Is this not, by definition, white supremacy?
And if white people (like me) notice and feel concerned about this problem, how concerned can we really be if we’re not actively trying to dismantle and rebuild the system?
The behavior of the previously mentioned record label really underscores how disconnected many gatekeepers are. People who actually care and want to flip the system need to spearhead change.
I promise to learn more about and better address these issues in rap music, instrumental hip-hop, streaming services, and music journalism while weighing my own place in this problematic system. If you’re white and you’re reading this, and you exist in these spaces because Black artists/editors/writers welcomed you, I urge you to do the same.
We cannot continue to build a model that profits off of the artistry and creativity of Black musicians while excluding them at every level.
If you want to get involved after reading this, find Black activists and organizations on social media and follow them.
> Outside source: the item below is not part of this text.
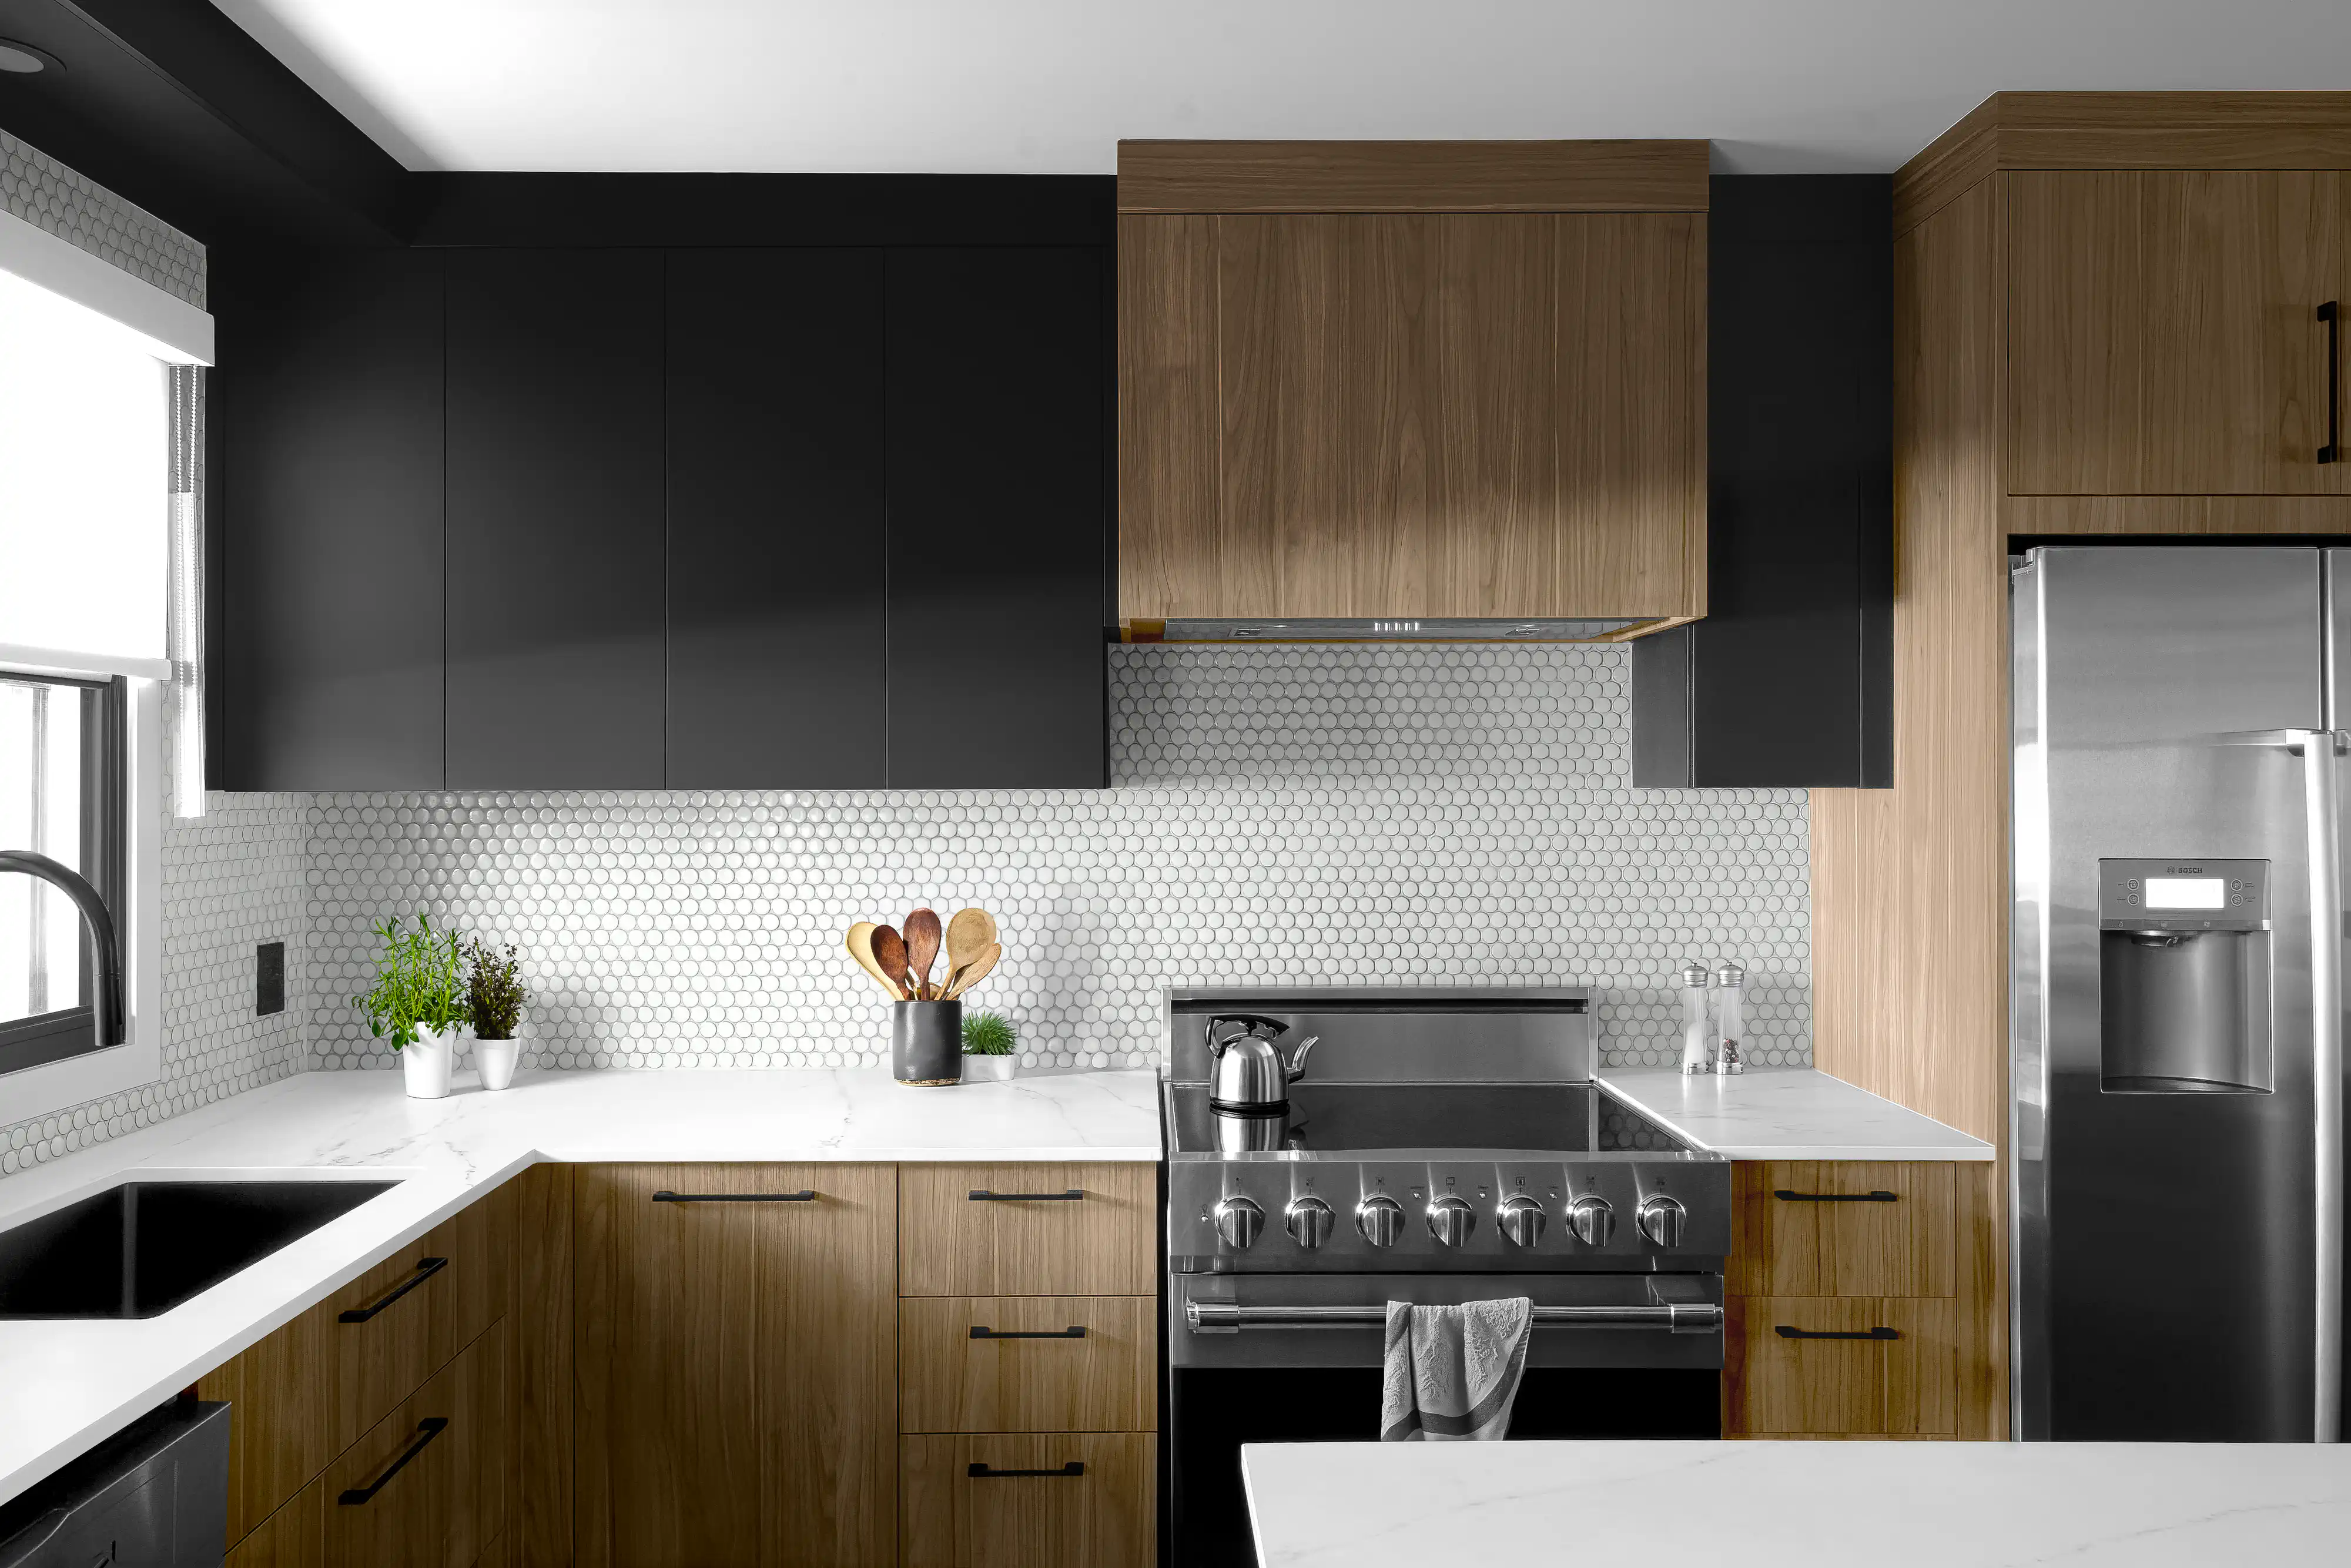 Modern kitchen with black cabinets, wooden accents, and round mosaic backsplash tiles, interior by Sarah Brown Design

Learn about/join/support local organizations in your community. Read lots of books.
And if you want to support people who are out demonstrating right now, here is a list of bail funds.
In my attempt to be better and do more, I will get it wrong sometimes. I urge you to hold me accountable when I do and pull no punches.
Also, I am more than open to feedback about how I can best use my writing, my voice, and my platform to address the issues I’ve written about today. Please share your thoughts with me if you have them.